Speaker
Description
Giant planets play a crucial role in shaping planetary systems. When formed early, they can dynamically organize surrounding planetesimals, inducing apsidal alignment that suppresses random velocities—even if eccentricities are excited—thereby promoting the growth of inner rocky planets. Under such conditions, giant planets may support, rather than hinder, terrestrial planet formation.
However, when giant planets undergo dynamical instabilities, their impact turns destructive. Radial velocity surveys show that giant planets often have modest eccentricities and are clustered near the snow line, hinting at histories of mutual scattering. In such cases, inward-scattered giants can disrupt or destroy inner systems, potentially explaining the broken resonance chains observed in Kepler super-Earth systems.

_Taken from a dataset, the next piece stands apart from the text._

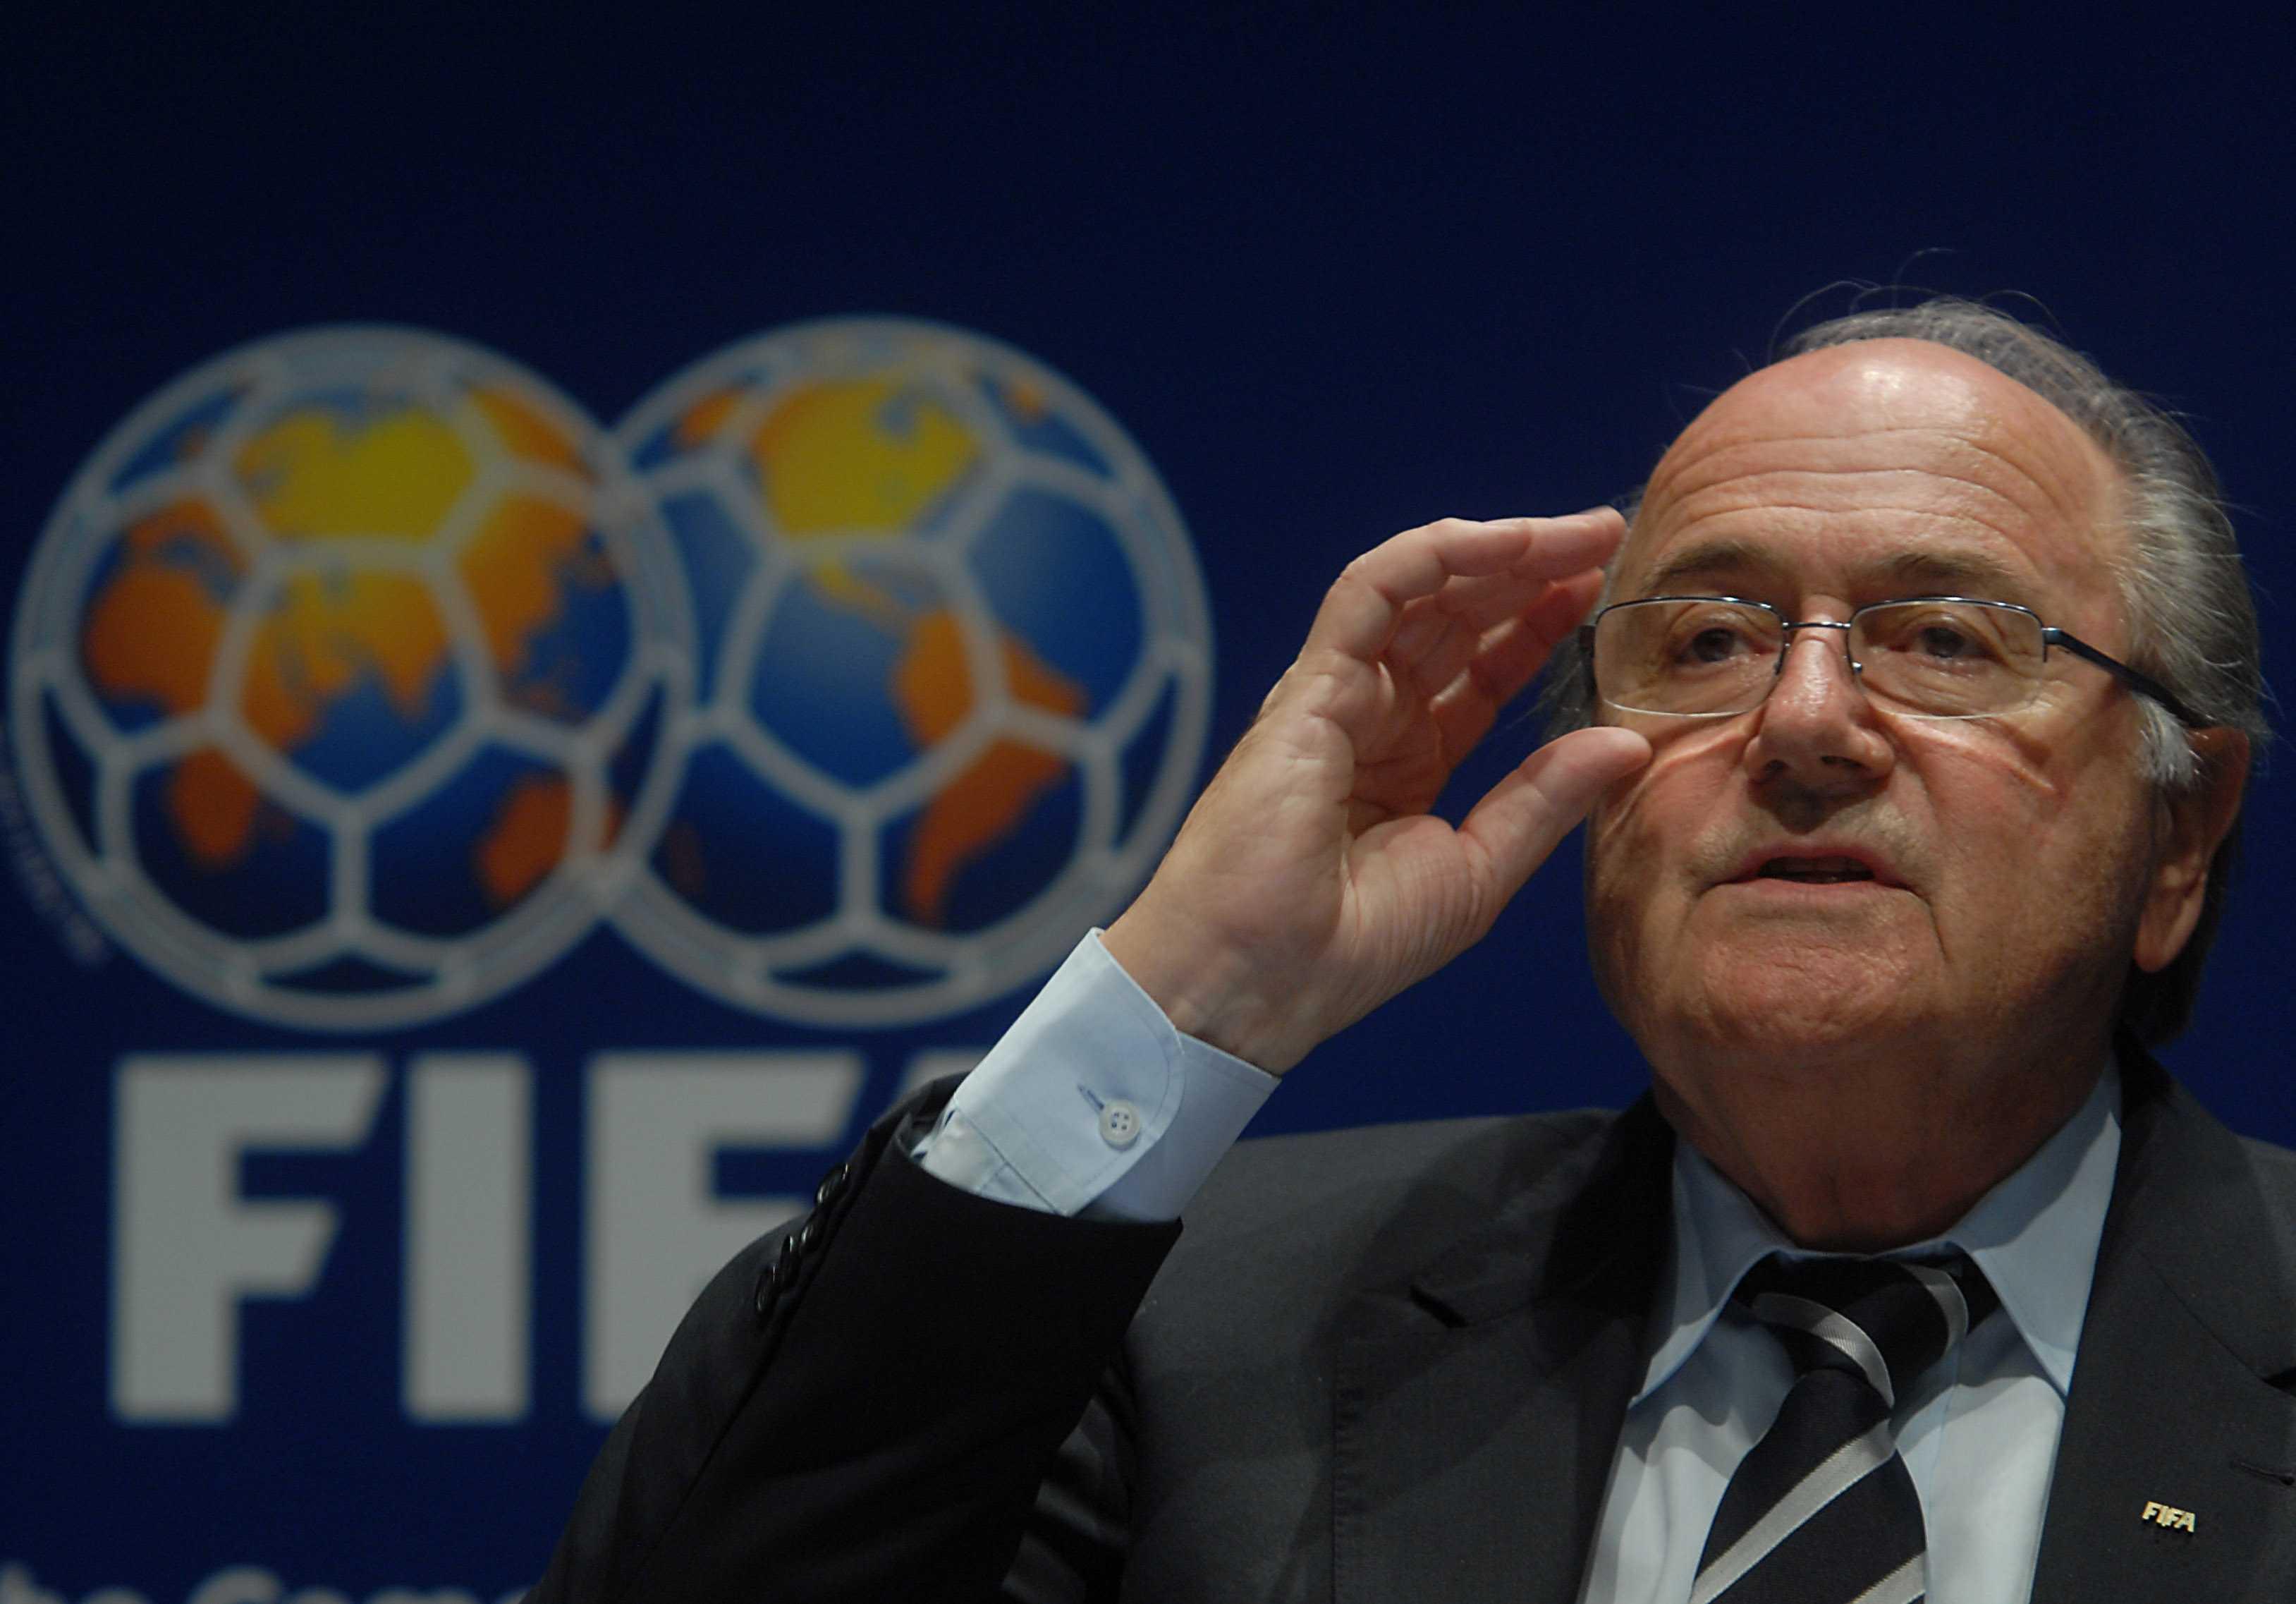 Mr. Blatter adresses the media.

These same instabilities are also expected to eject planets into interstellar space, forming free-floating planets (FFPs). While giant planets are traditionally thought to dominate this population, our population synthesis models—calibrated to microlensing surveys and realistic stellar IMFs—suggest otherwise. The FFP population is dominated by Neptune-like planets, due to their abundance around low-mass stars and greater likelihood of being ejected via mutual scattering.
In this talk, I will explore these interconnected processes, focusing on how planetary dynamics shape both bound and unbound planetary orbital architectures.